Appearance
Regular Expressions (RegEx) - Pattern Matching
Complete guide to regular expressions for pattern matching and text processing
Regular expressions (regex) are powerful pattern-matching tools used across programming languages, text editors, and command-line tools. This comprehensive guide covers regex syntax, common patterns, and practical examples for effective text processing.
Basic Syntax
Literal Characters
regex
# Exact character matching
hello # Matches "hello" exactly
123 # Matches "123" exactly
Hello World # Matches "Hello World" exactly
# Case sensitivity (depends on flags)
Hello # Matches "Hello" but not "hello" (case sensitive)

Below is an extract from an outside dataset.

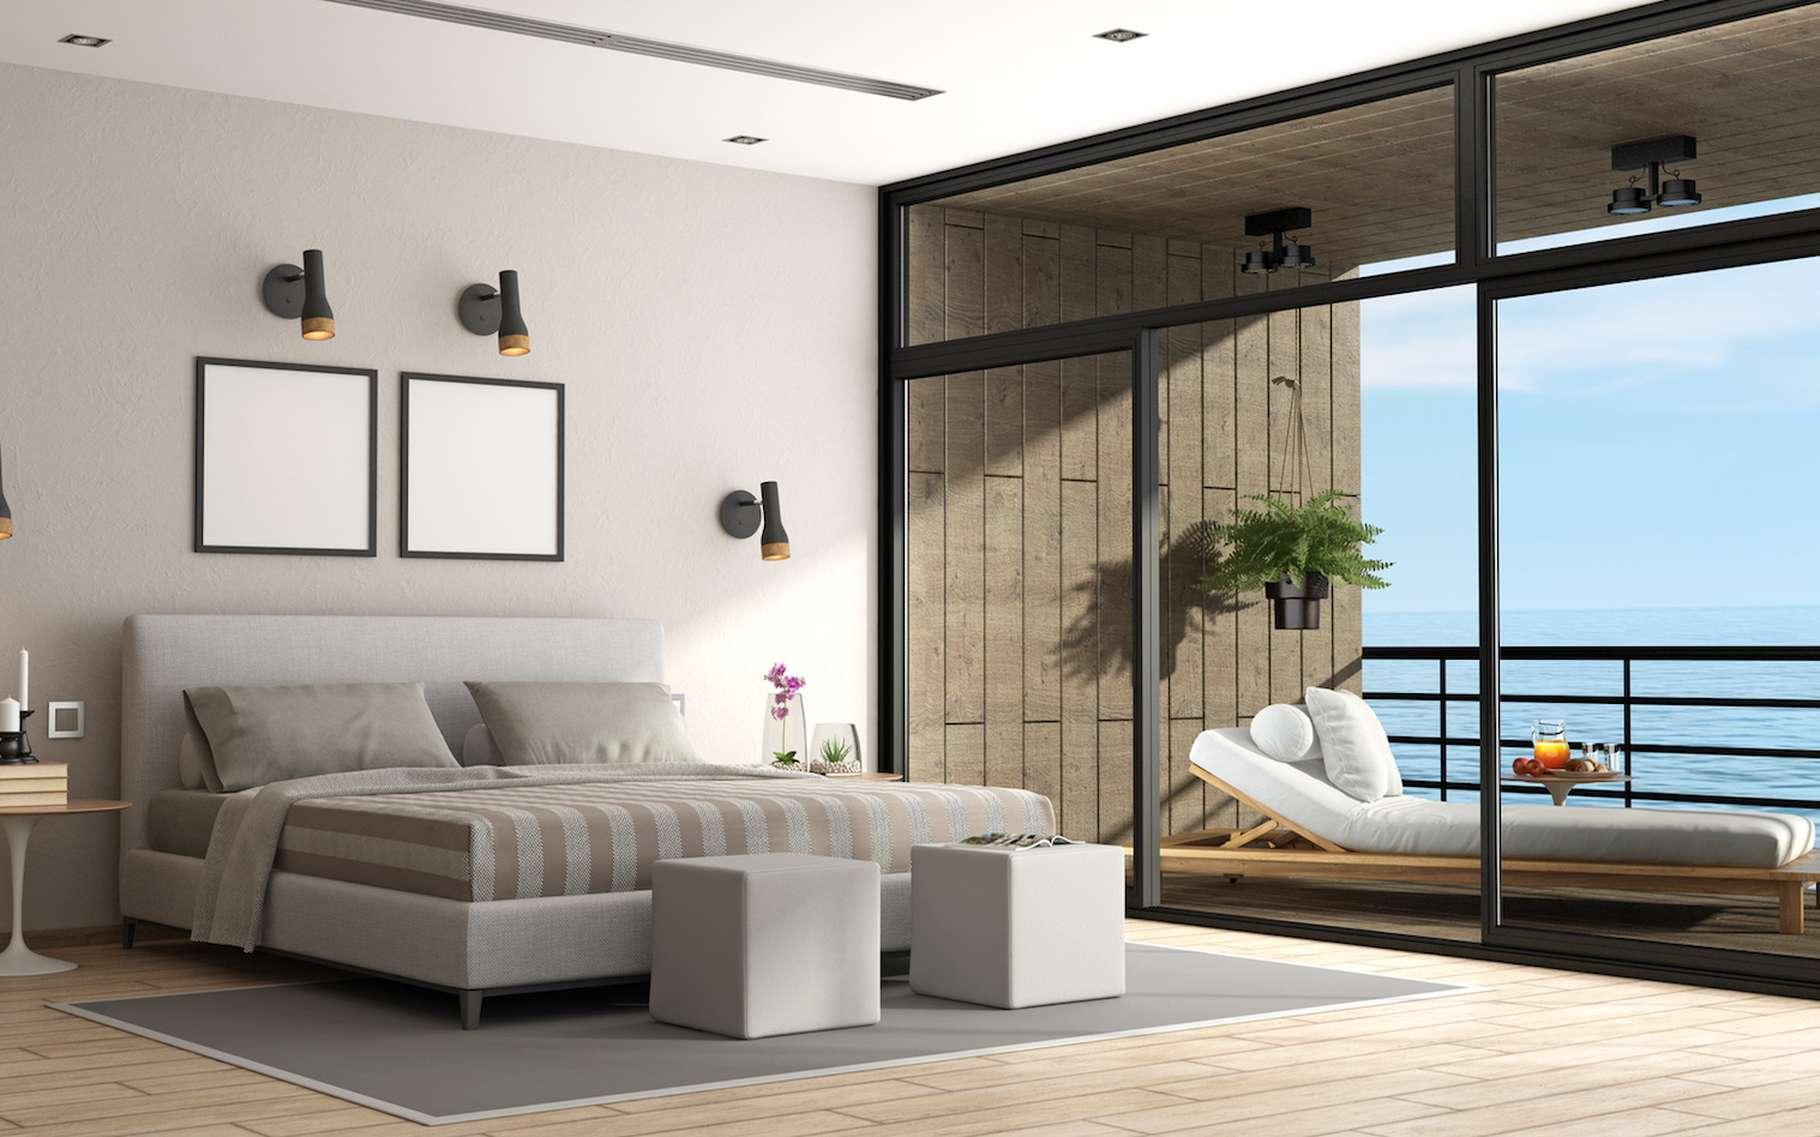 Porte-fenêtre coulissante ou baie vitrée, les deux termes désignent en réalité un seul et même système d'ouverture d'une pièce sur l'extérieur. © archideaphoto, Fotolia

(?i)Hello # Matches "Hello", "hello", "HELLO" (case insensitive)
Metacharacters
regex
# Special characters with meaning
. # Matches any single character except newline
^ # Matches start of string/line
$ # Matches end of string/line
* # Matches 0 or more of preceding element
+ # Matches 1 or more of preceding element
? # Matches 0 or 1 of preceding element
| # OR operator (alternation)
() # Grouping
[] # Character class
{} # Quantifiers
\ # Escape character
Character Classes
regex
# Predefined character classes
\d # Any digit (0-9)
\D # Any non-digit
\w # Any word character (a-z, A-Z, 0-9, _)
\W # Any non-word character
\s # Any whitespace character (space, tab, newline)
\S # Any non-whitespace character
\n # Newline character
\t # Tab character
\r # Carriage return
# Custom character classes
[abc] # Matches 'a', 'b', or 'c'
[a-z] # Matches any lowercase letter
[A-Z] # Matches any uppercase letter
[0-9] # Matches any digit
[a-zA-Z] # Matches any letter
[a-zA-Z0-9] # Matches any alphanumeric character
[^abc] # Matches any character except 'a', 'b', or 'c'
[^0-9] # Matches any non-digit
Quantifiers
Basic Quantifiers
regex
# Exact repetition
a{3} # Matches exactly 3 'a's: "aaa"
a{2,5} # Matches 2 to 5 'a's: "aa", "aaa", "aaaa", "aaaaa"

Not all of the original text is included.